> DATA SHOWN
-*-*-
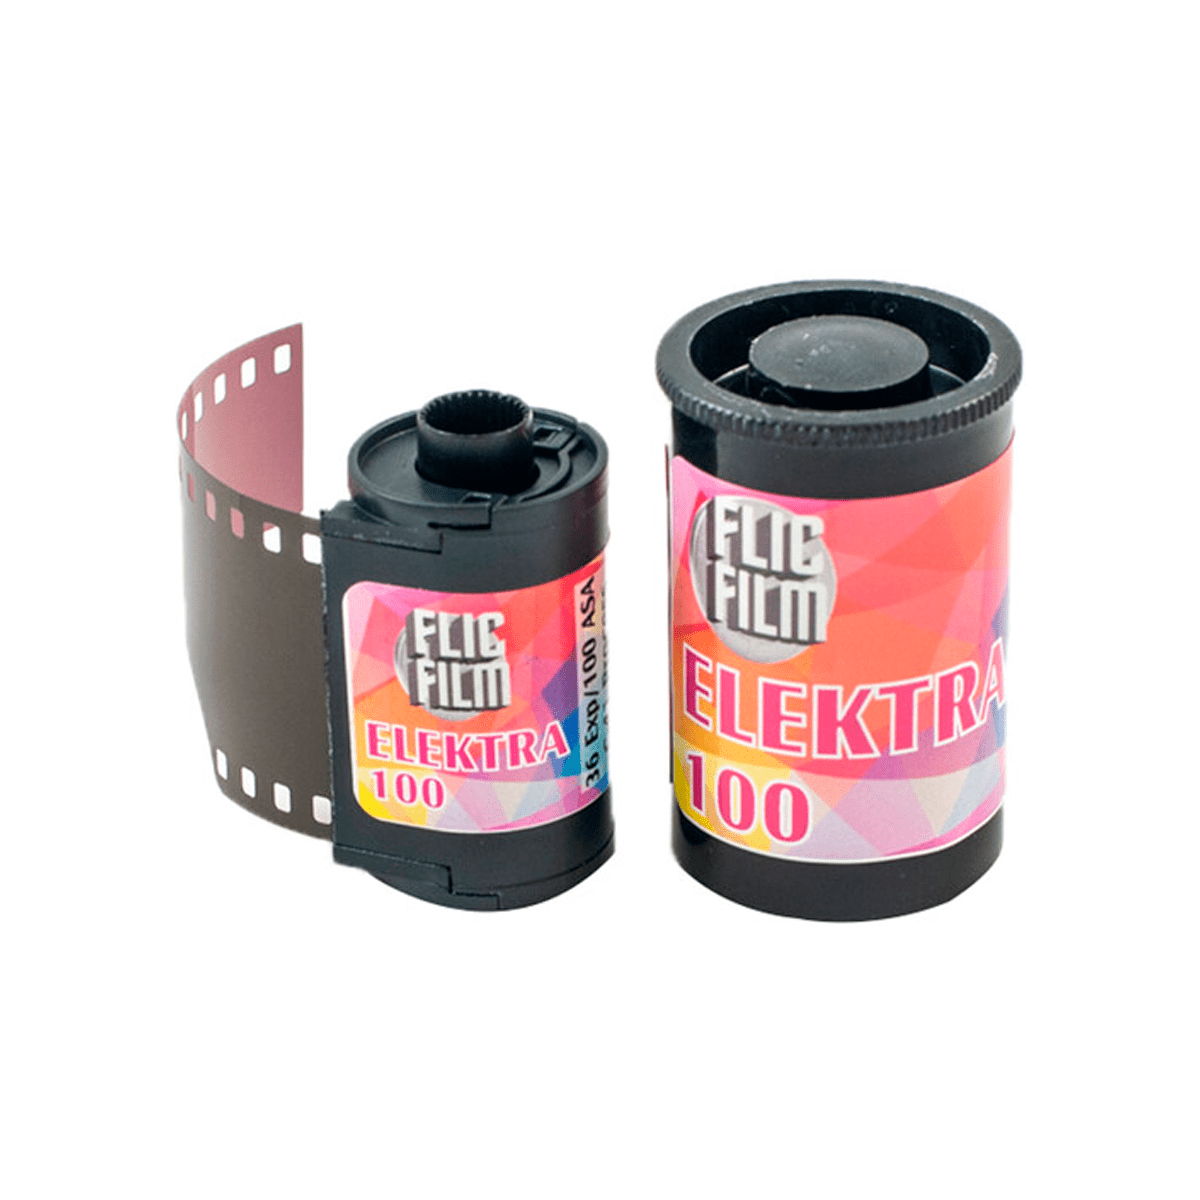 Flic Film Elektra 100 35mm Película Color 36 exp C-41 - GG GAMER STORE
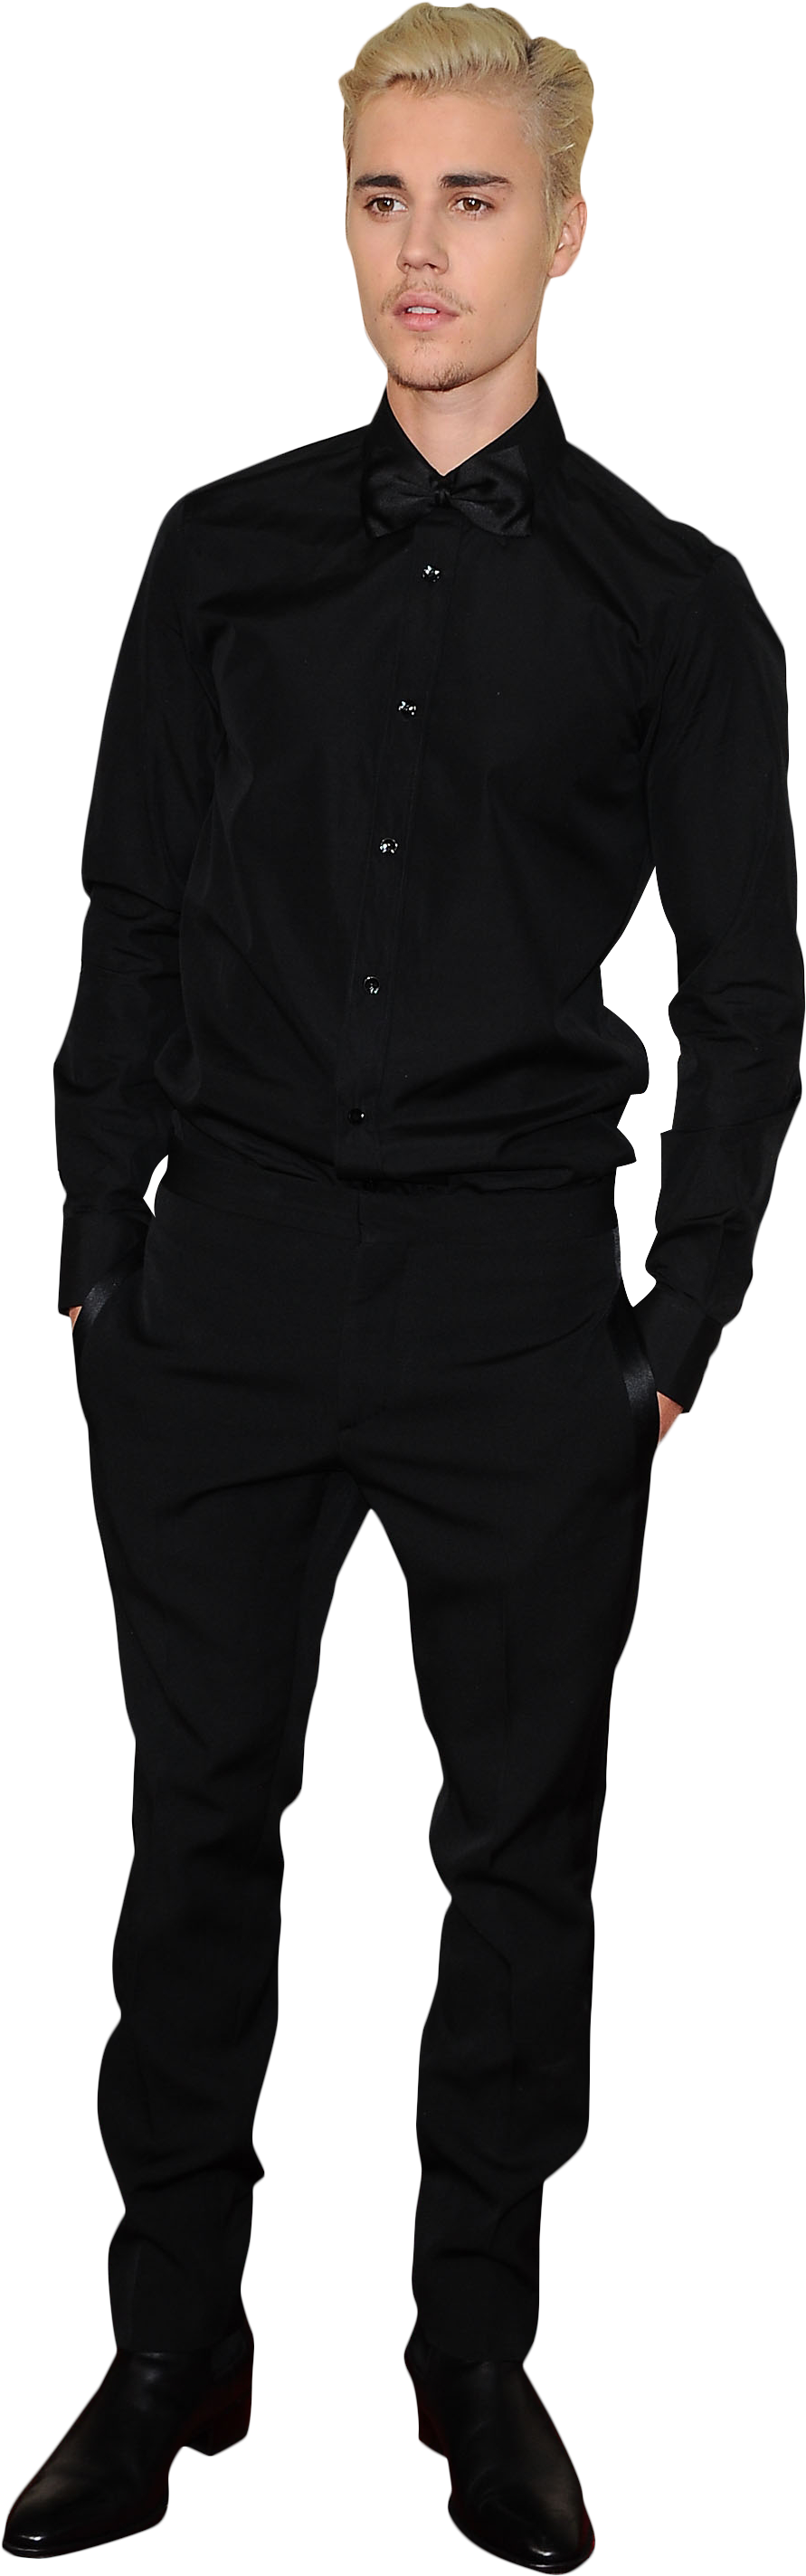 A Man In A Black Suit
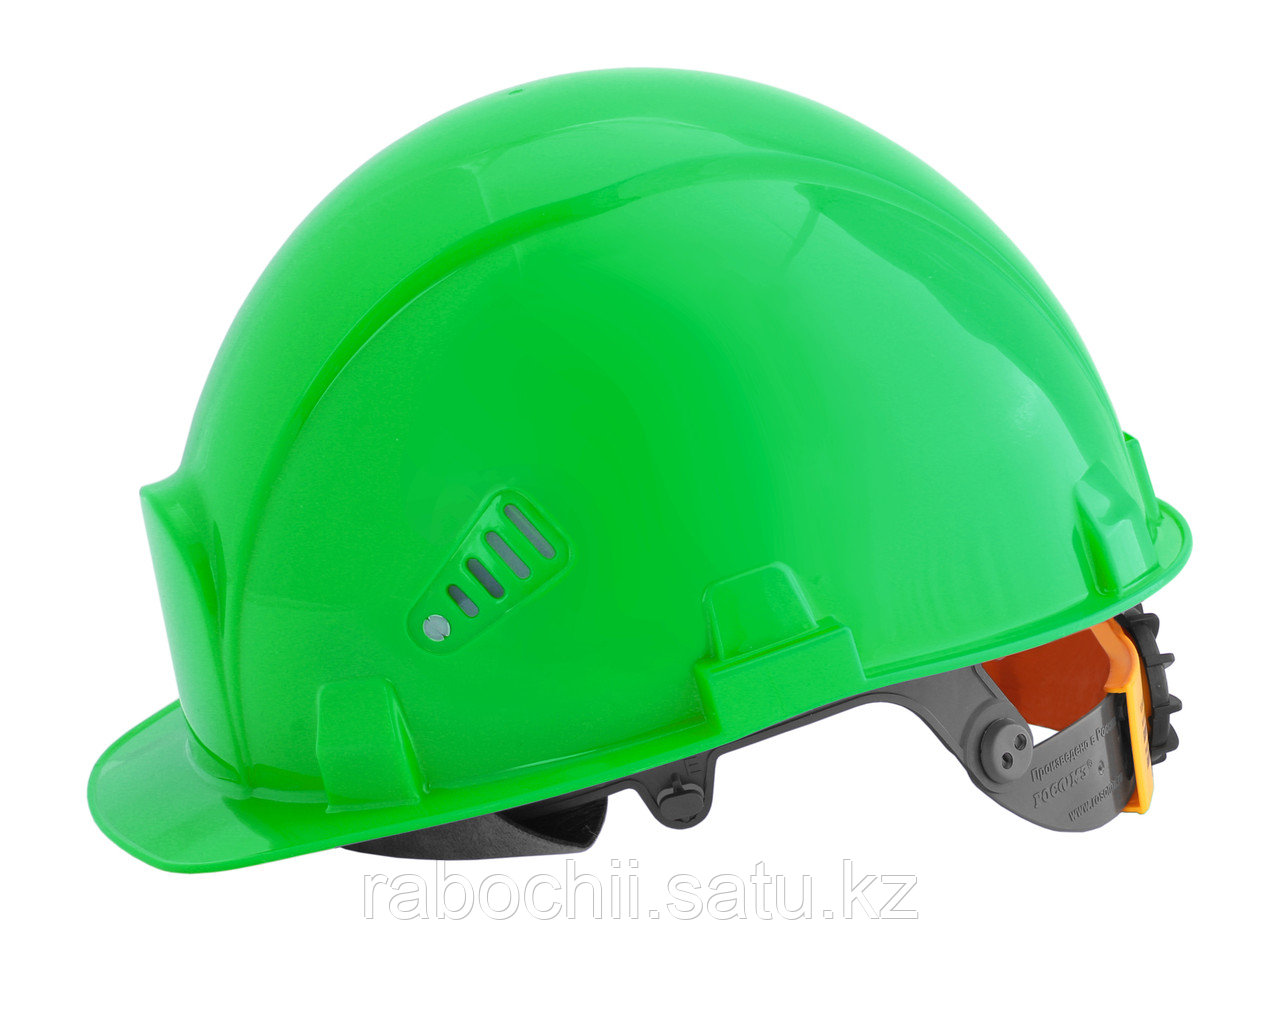 Каска защитная СОМЗ-55 Визион® Rapid  зеленый
-*-*-
The expected answer is the whole listing above, copied exactly, with images excluded.

 Flic Film Elektra 100 35mm Película Color 36 exp C-41 - GG GAMER STORE
 A Man In A Black Suit
 Каска защитная СОМЗ-55 Визион® Rapid  зеленый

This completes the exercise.